Why would healthy adults who are barely in their 60s become so attached to the past?
My parents are obsessed with dead people.
No, not ghosts. Genealogy.
They are baby boomers and have been tracing their lineage for several years now. They are obsessed with their new hobby. This is strange because they are not the type to have obsessive interests. Every time I see them, they tell me about Great Great Uncle Jonas who died of smallpox or Great Great Grandma Enid who campaigned for the mayoral candidate of New York. At our last get-together, my mom talked so much I wondered if she was manic (although she has never had a mood disorder). I have never, at any point in my life, seen her this enthusiastic, even about anything that had to do with her children. This sounds like an exaggeration. Trust me, it’s not.
I find it sad that they appear to have no desire to cultivate their relationships on this earth (including with me), and instead spend their time tracking down people, regardless of what they have accomplished, they will never meet in the flesh. It’s not that they don’t socialize, it’s just that they don’t enjoy it and have no desire to become closer to the people around them. They used to be more tolerant, but now they don’t like anyone and make no attempt to pretend otherwise.

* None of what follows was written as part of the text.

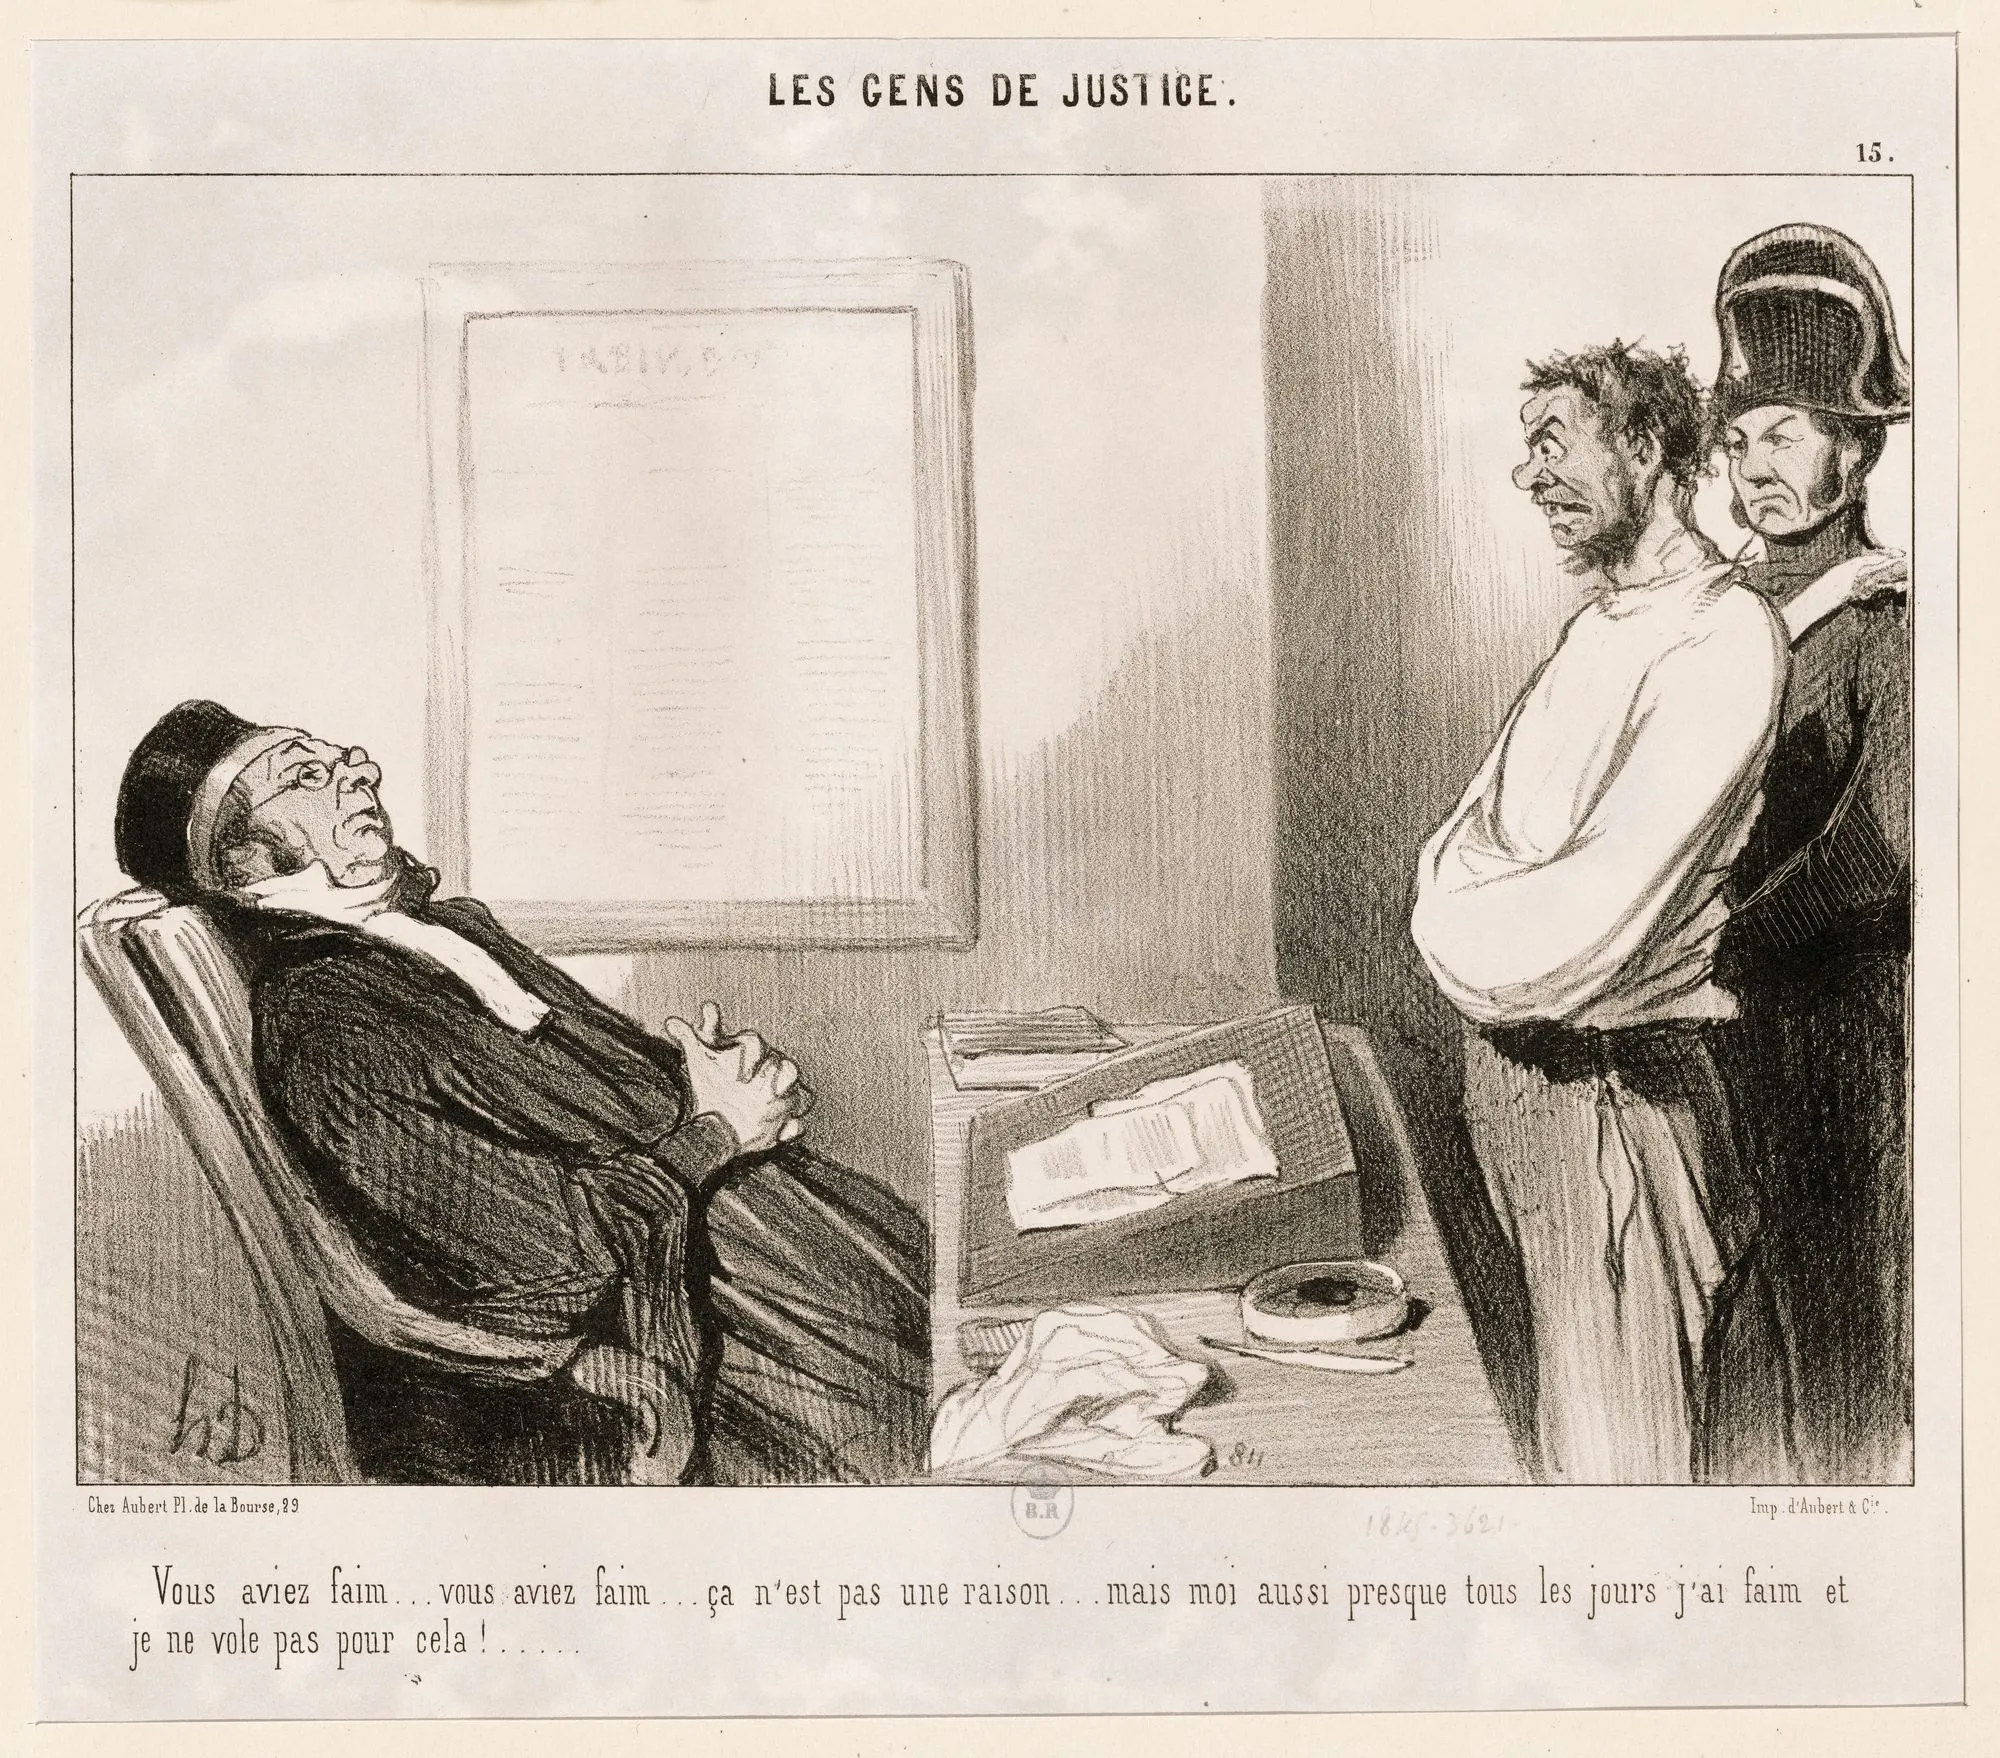 « Vous aviez faim… vous aviez faim… ça n'est pas une raison… mais moi aussi presque tous les jours j'ai faim et je ne vole
pas pour cela ! » Honoré Daumier, Le Charivari, 20 octobre 1845, lithographie, 26 × 18 cm, BnF, Paris.

Why would healthy adults who are barely in their 60s become so attached to the past? They have the wealth that would allow them to travel and indulge in any other type of interest they desire right in the present. I’m sure plenty of seniors out there have expectations and dreams for the future, but not my folks. Is this something I’ll understand when I’m their age? Or is this somehow a sign of sickness?
Genealogy is a fascinating hobby, but I have limits. Any polite attempts I make to turn our conversation back to the present day so I can participate are rebuffed.
It isn’t my business how they live their lives, but it’s thrown me for a loop seeing that they actually do have the capacity to care deeply about something. Why did it take this long?
This sounds like a classic case of relative narcissism, a projection disorder in which the ego, unable to countenance its own narcissism, projects onto ancestors all the idealized qualities it would otherwise take onto itself; it is harder to diagnose than traditional narcissism because its sufferers do not act grandiose and superior. Rather, they adopt a humble air in deference to their great aunt or uncle. It’s not they who are draped in glory but long-dead forebears (who, through genetic association, nevertheless give proof of superiority). It can be paired with a deep, melancholy longing for an idealized world and a sense that today’s world can never measure up to this mythical past. It is often found in baby boomers who didn’t attend Woodstock but had a cousin who did.
Of course, you don’t find “relative narcissism” in any diagnostic manual.
It doesn’t exist in the literature yet. I made it up.
But if it did exist, it would exist because the psychiatric community would recognize that when an interest in one’s ancestors becomes more than historical, when it seems to take over one’s emotional life, then some need other than mere curiosity is being met. What is that need? What are they really getting out of it?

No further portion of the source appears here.